Can a function be shown positive without derivative? In a Finnish matriculation examination was the following problem
Let $a_1,a_2,\ldots,a_n$ be reals. For what value the parameter $x$ should be given if one wants to minimize the value of the sum $(x-a_1)^2+\cdots + (x-a_n)^2$. This can be compute easily using derivatives but is there an alternative proof which does not use calculus?
 A: just simplify it as a normal quadratic equation?
$$
(x-a_1)^2+\cdots + (x-a_n)^2 = nx^2-(2\sum_{i=1}^{n}a_i)x+\sum_{i=1}^{n}a_i^2
$$
when $x=\sum_{i=1}^{n}a_i/n$ it reaches minimal.
A: You can do it geometrically.
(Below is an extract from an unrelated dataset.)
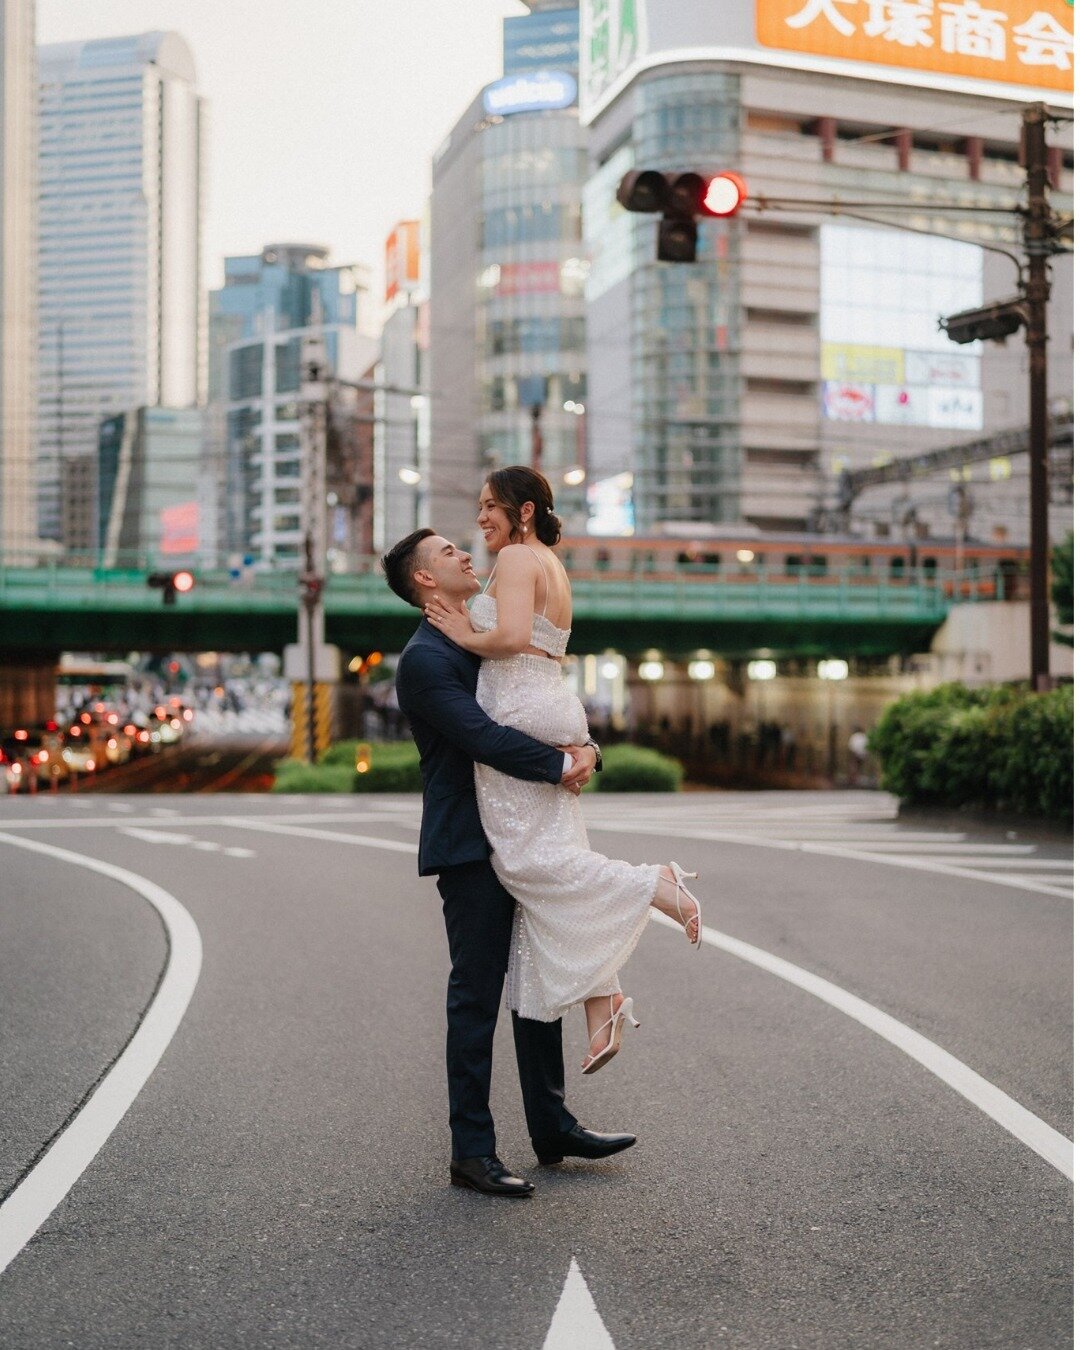 From serene gardens to vibrant city lights! ✨ - Part 2

M &amp; T's Tokyo wedding celebrations continued with stunning couple photos under the Tokyo skyline. The cityscape provided the perfect backdrop for their love story. Congratulations to this pe

Consider the point $p=(a_1,\dots,a_n)\in\mathbb R^n$ (set $n=3$ for ease of imagination). 
Then, using Pythagorean theorem, you see that what you want is to find the point $(x,x,x,\dots,x)$ that minimizes the distance form $p$. This is easily done by projecting $p$ onto the line $L=\{x_1=x_2=\dots=x_n\}$. Which is achieved by intersecting $L$ with its orthogonal through $p$. 
The orthogonal to $L$ is clearly $\sum x_i=0$ and the orthogonal to $L$ passing through $P$ is the hyperplane $\pi=\{\sum x_i=\sum a_i\}$.
So $\pi\cap L$ is $(x,\dots,x)$ with $nx=\sum a_i$.
A: Yes, it can be done without calculus. Just expand and write it as a square like this:
$$\sum_{k=1}^n(x-a_k)^2\!=\!nx^2-2x\sum_{k=1}^na_k+\sum_{k=1}^na_k^2\!=\!n\left(x^2-\frac2n\sum_{k=1}^na_k+C\right)\!=\!n\left(x-\frac1n\sum_{k=1}^na_k\right)^2+D$$
where $C$ and $D$ are appropriate constants. You can see the minimum is $\displaystyle\frac{a_1+\ldots+a_n}n$.
A: Using orthogonal projection in vector algebra. The essence of this proof is that you want to minimize the Euclidean distance between the vectors $\bar x = (x, ..., x) \in R_n$ and $\bar a = (a_1, ..., a_n) \in R_n$.
Premise 1 (assignment)
You have $f: x \in R \longrightarrow \sum_{\{a_k\}} (a_k - x)^2 \in R$ and want to find $x$ such that $f(x)$ or $\sqrt{f(x)}$ is minimum (it's equivalent because square root is monotonic and $f(x) >= 0 \space \forall x$)
It is trivial to show that $\sqrt{f(x)} = \lVert (a_1, ..., a_n) - (x, ..., x)\rVert_2$ where $\lVert \cdot \rVert_2$ is the Euclidean norm. (It is intended that both vectors have $n$ components.) We can write simply $\lVert \bar a - \bar x \rVert$and note that $\bar x = (x, ..., x)$ is in the vector space $\{(r, ..., r)| r \in R\} = \langle \space \{ \space (1, ..., 1) \space \} \space \rangle \subset R^n$
Premise 2 (lemma)
One can demonstrate that, if $V$ is a vector space and $W = \langle \{w_1, ..., w_m\} \rangle $ is a subspace, and $\lVert \cdot \rVert$ is a norm on $V$, then, $\forall v \in V, w \in W,$
$\lVert v - w \rVert $ is minimum (that is: $\lVert v - w \rVert <= \lVert v - w'\rVert \space \forall w' \in W$) if and only if $w = \sum_{\{w_k\}} \frac{(v \vert w_k)}{\lVert w_k\rVert^2}w_k$
$w$ is then called the orthogonal projection of $v$.
Solution
Using the lemma, $\lVert \bar a - \bar x\rVert$ is minimum if and only if $\bar x = \sum_{\{w_k\}}\frac{(\bar a \vert w_k)}{\lVert w_k \rVert_2^2}w_k = \frac{(\bar a \vert (1, ..., 1))}{\lVert (1, ..., 1) \rVert_2^2}(1, ..., 1) = \frac{\sum_{\{a_k\}}a_k}{n}(1, ..., 1)$
or equivalently, $x = \frac{\sum_{\{a_k\}}a_k}{n}$.